149 F.2d 210 | 2d Cir. | 1945
The appellant is a licensed pharmacist who maintained a drugstore in Brooklyn.
Each count of the indictment characterized the offense alleged therein as a violation of section 2803(a) of the Internal Revenue Code. The appellant argues that the evidence shows that he did not violate that section because the cylindrical cans (government’s exhibit 2) containing the alcohol on which the charges of illegal possession and illegal sale were based, bore genuine, cancelled internal revenue tax stamps. Although admitting that there was testimony from which the jury could find that the contents of these cans on the date of the alleged offenses, May 6, 1944, was not what they originally contained when the stamps were affixed but was “bootleg” liquor with which he had refilled them, the appellant contends that such conduct may be contrary to other statutory provisions, such as-section 2803(g), 2868 or 3323 of Title 26, but is not prohibited by section 2803(a). Hence, he asserts, his conviction should be reversed and the indictment dismissed.
This contention is without merit. In the first place, it disregards the language of section 2803(a) which requires that the stamps affixed to the immediate container denote the quantity of distilled spirits “contained therein” and evidence payment of all internal revenue taxes imposed on “such spirits”, that is, on the spirits actually in the container. The trial court rightly ruled that the indictment charged that on May 6, 1944, the contents of the cans consisted of alcohol on which no tax had been paid.

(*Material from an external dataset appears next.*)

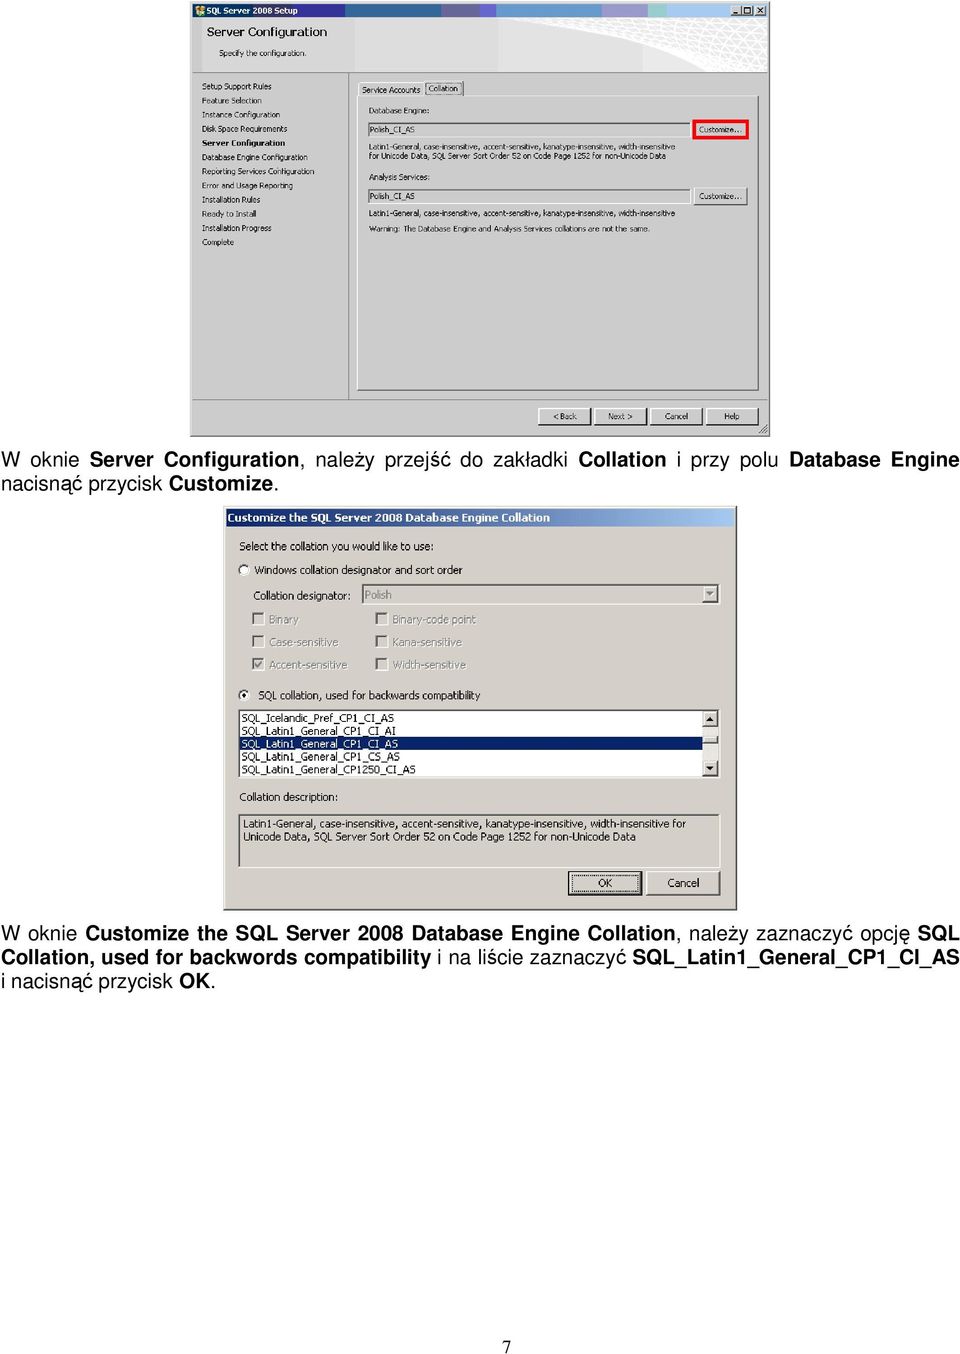 W oknie Customize the SQL Server 2008 Database Engine Collation, naleŝy zaznaczyć

This charge, if proven, as it was, constituted a violation of § 2803(a), even though the appellant’s conduct might also have been charged as a violation of some other section of the Code. Moreover, since the conduct was concededly forbidden by some statute, the indictment would have been sufficient without specifying the particular statute under which it was drawn or even if it had specified the wrong statute. Williams v. United States, 168 U.S. 382, 389, 18 S.Ct. 92, 42 L.Ed. 509; United States v. Hutcheson, 312 U.S. 219, 229, 61 S.Ct. 463, 85 L.Ed. 788; Maresca v. United States, 2 Cir., 277 F. 727, 741, certiorari denied 257 U.S. 657, 42 S.Ct. 183, 66 L.Ed. 420; Johnson v. Biddle, 8 Cir., 12 F.2d 366, 369. The appellant’s actual offenses, as the jury was clearly instructed, were possessing and selling alcohol on which no tax had been paid. The indictment gave full notice of these charges and upon them he was tried and found guilty.
The contention that the appellant did not receive a fair trial is also without merit. Although the court took an active part in the examination of the appellant, the claim that the bounds of judicial propriety were overstepped is entirely unjustified. Nor do we find prejudicial error m the court’s rulings during the cross-examination of witness Jedrey, or in the admission of Maple’s opinion testimony, based on his analysis of samples, that the spirits in the containers on the date of the arrest were not the same as had originally been placed in the containers by Commercial Solvents Corporation. Indeed, this was established by the appellant’s own admissions if the jury accepted the testimony of agents Miller and Horn. The final complaint relates to the charge in the course of which, after stating that it was important that traffic in illicit alcohol be broken up, the judge said:
“It is one of the legitimate efforts of the Government to try to stop that traffic and you are justified in assuming that the reason this case is in court is that the Government agencies were justified in believing that that kind of traffic was involved, so I say there is no question but that alcohol was in the premises of defendant and in these cans which have been marked Government’s Exhibit'2.”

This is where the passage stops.